I think they did well to offer you that maintenance package. It's not a whole lot, but it's certainly something. 

As for the bail out, that's not something they owe any of us. That was a government thing entirely, so if anyone owes you something, it's the government that invested in GM. I say invested because there are more factors involved than you are aware of. It wasn't just GM that received government help; it was Chrystler, Ford (if you look at the details, you'll see it's true), and even imports like Toyota got assistance from their respective governments. The economy hit them all pretty hard. The "bailout" was necessary to keep business going in the US. Without it, the consequences would have been devastating. Hundreds of thousands of jobs would be lost, jobs that all pay their 12-20% of income tax every year...

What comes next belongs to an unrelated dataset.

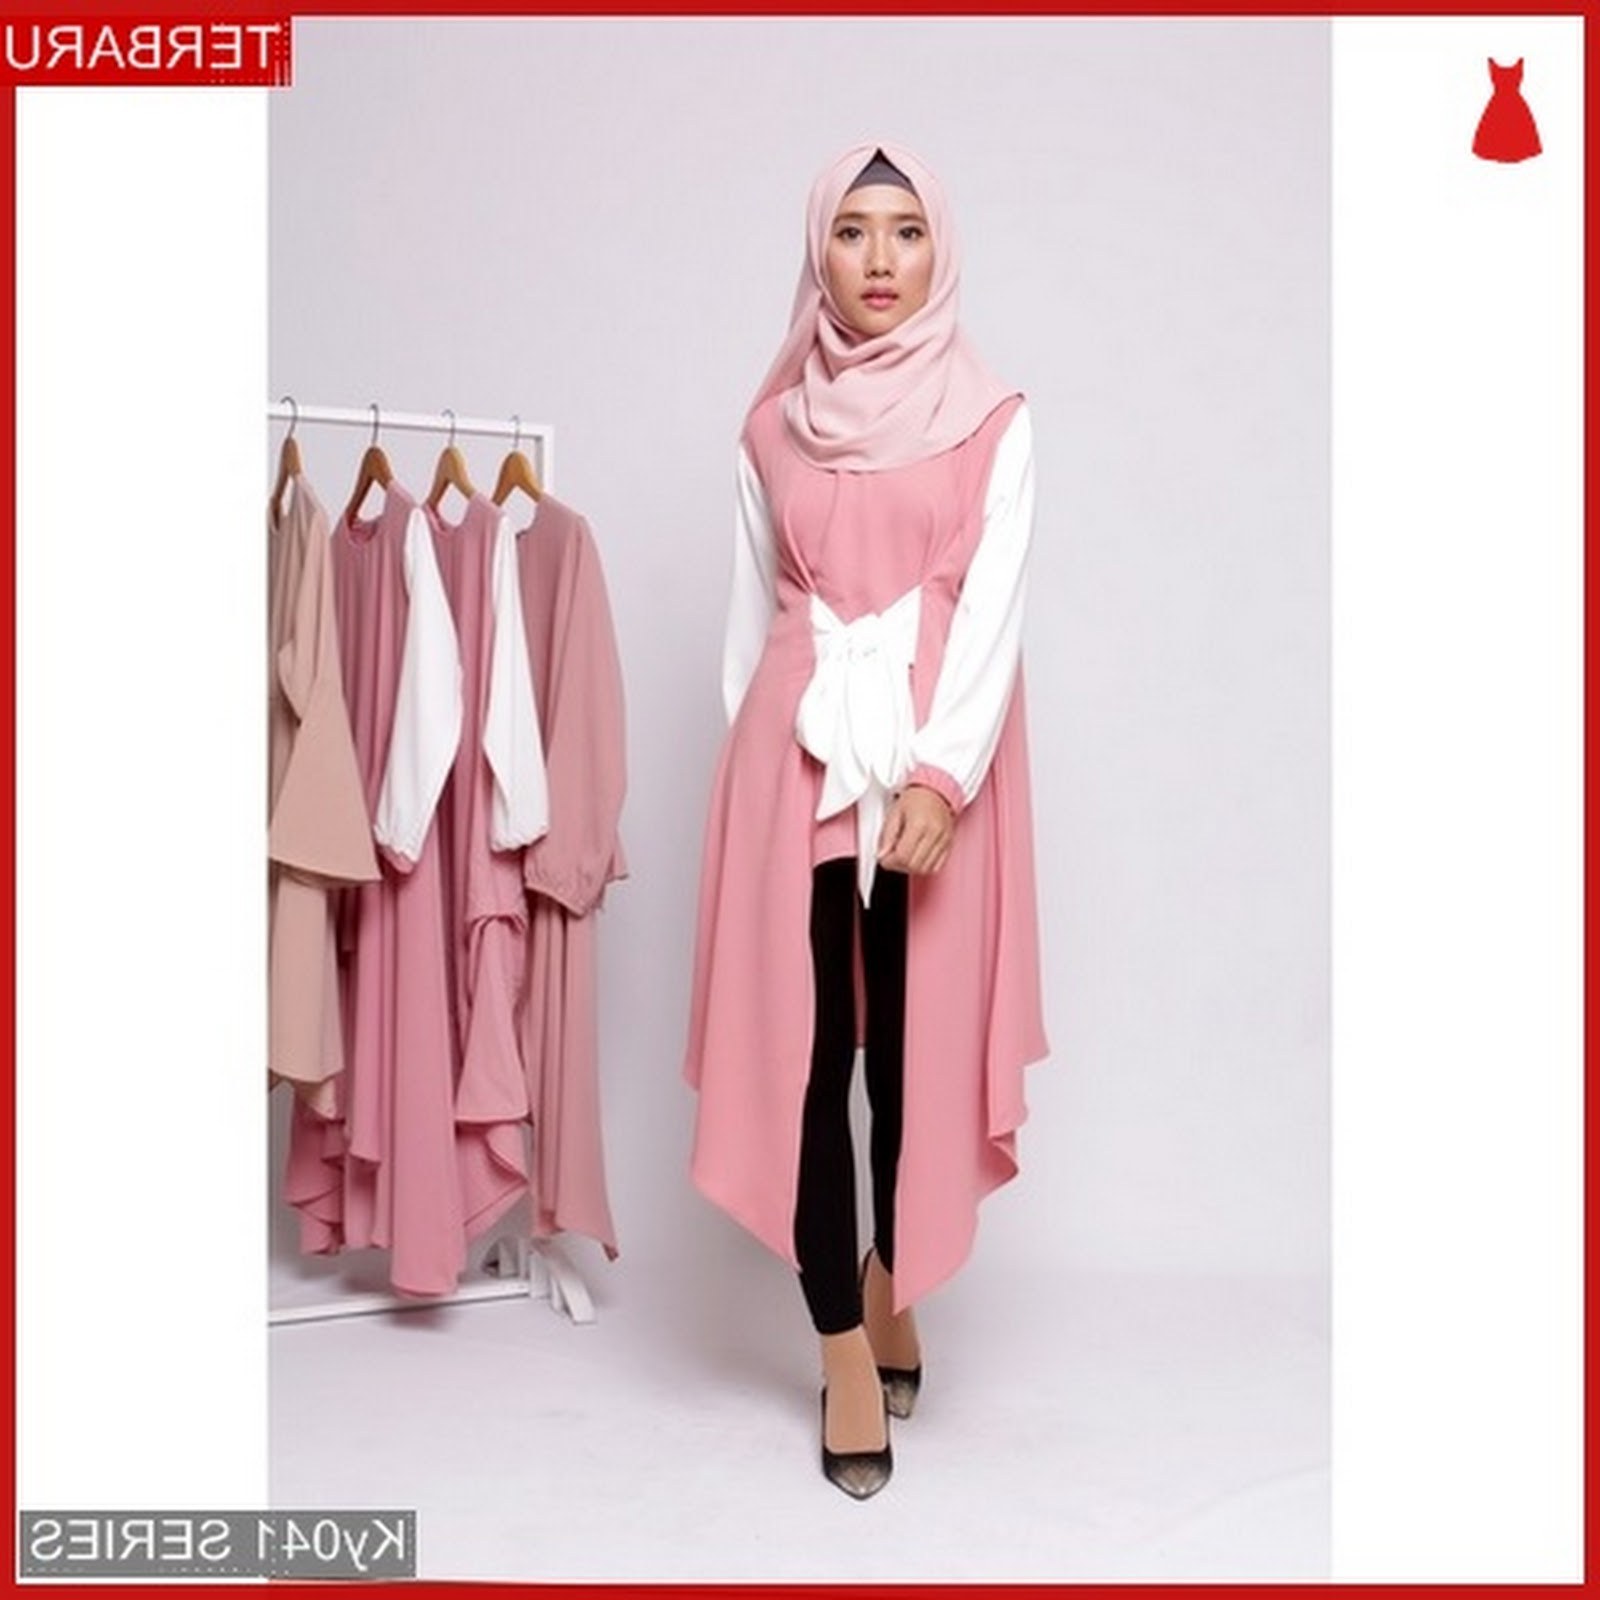 Bentuk Harga Baju Lebaran 3id6 Dapatkan Baju Muslim Lebaran Paling Keren Terbaru Di Bmg

I think if you requested a reimbursement of fuel, they might do it for you. 

In any case, can you check something for me? I need to know what month your vehicle was manufactured in. It will be on the driver's door jamb. 



spungebob24 said:


> yes the car is at the dealership now! Heres my story, i brought the car to the dealership two weeks ago and told them there was a lifter noise so they checked it out and said they didnt hear any abnormal engine noise, so i took it home and i could still hear the motor making noise. I sent gm an email, they got back to me and i explained to them my problem and wanted me to take it back to the dealer. When i got to the dealer the head mechanic came out and did hear this noise, so i left it there for them on monday (9/17). They are going to change the head on the motor and a couple of other things and now their just waiting for parts. I think its pretty sad that you buy a new car and 860 miles later the motor is getting torn apart. i hope this doesnt compromise the reliability of the motor in the future. i hope they get this right or they might be keeping that car and i'll be driving something else! i'm really disappointed at this point with that car and i'm waiting to see what gm is going to do with all the b/s i put up with so far!!!!


I'll ask Tom Read over in GM Powertrain if he knows anything about this issue. So long as GM is taking care of you, I wouldn't be worried. You have a 5 year, 100k mile warranty on this car. Any significant issue that can come up will most likely manifest itself during that time period. 

Can you also check your driver's door jamb and let me know when your car was manufactured?

Welcome to CruzeTalk by the way.


----------